What is Electron Microanalysis?

Electron microanalysis is a non-destructive technique used to determine chemical compositions of tiny amounts of solid materials. A focused beam of high-energy electrons is used to bombard the sample and generate characteristic x-rays from volumes as small as 3 micrometers (3 x 10-6 m) across. The resulting x-rays may be either (1) diffracted by analyzing crystals and counted using gas-flow and sealed proportional detectors (wavelength-dispersive spectrometry, WDS) or (2) detected directly using a solid-state semiconductor detector (energy-dispersive spectrometry, EDS). Elemental compositions is determined by comparing x-ray intensities from materials of known compositions (standards) with those from the unknown materials and correcting for the effects of absorption and fluorescence within the sample.

Electron microprobe analysis permits precise accurate quantitative WDS analyses of solid materials. Instrumentation and analytical methods were first developed by R. Castaing in Paris as his 1950 Ph.D. dissertation. An electron microprobe is designed specifically for detecting and measuring characteristic x-rays. Scanning electron microscopes, which were developed about a decade earlier, are often equipped with EDS systems, which permit qualitative and semiquantitative x-ray analysis, also using the methodology developed by Castaing. The electron beam current in an electron microprobes is typically 10 to 200 nanoamps, roughly 100 times greater than that used in most scanning electron microscopes. Higher beam currents produce more x-rays (higher count rates) from the sample, which improves both the detection limits (typically several 100 ppm) and precision of the resulting analysis.

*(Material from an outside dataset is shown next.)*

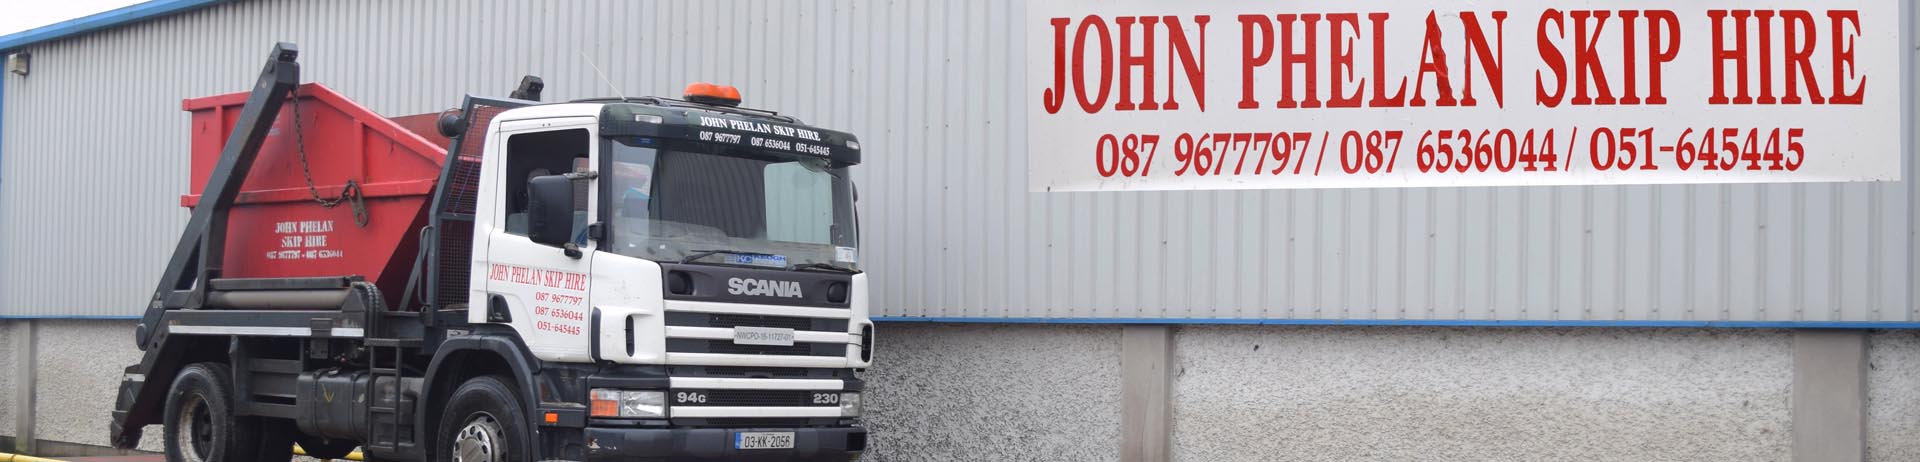 skip hire in tipperary

The most important aspect of electron microanalysis is that it provides chemical analyses in a textural context. Small-scale variations in chemical composition within a material, such as a mineral grain or metal, can be rapidly determined. These variations result from number of phenomena including pressure and temperature changes during growth and subsolidus element diffusion. Although principally used for geological investigations, the microprobe and scanning electron microscope are available to all the University community and outside researchers. Past analytical projects have included studies in metamorphic, sedimentary and igneous petrology, meteoritics, and characterization of archaeological materials such as pottery (paste and temper, glazes), glass, and lithics.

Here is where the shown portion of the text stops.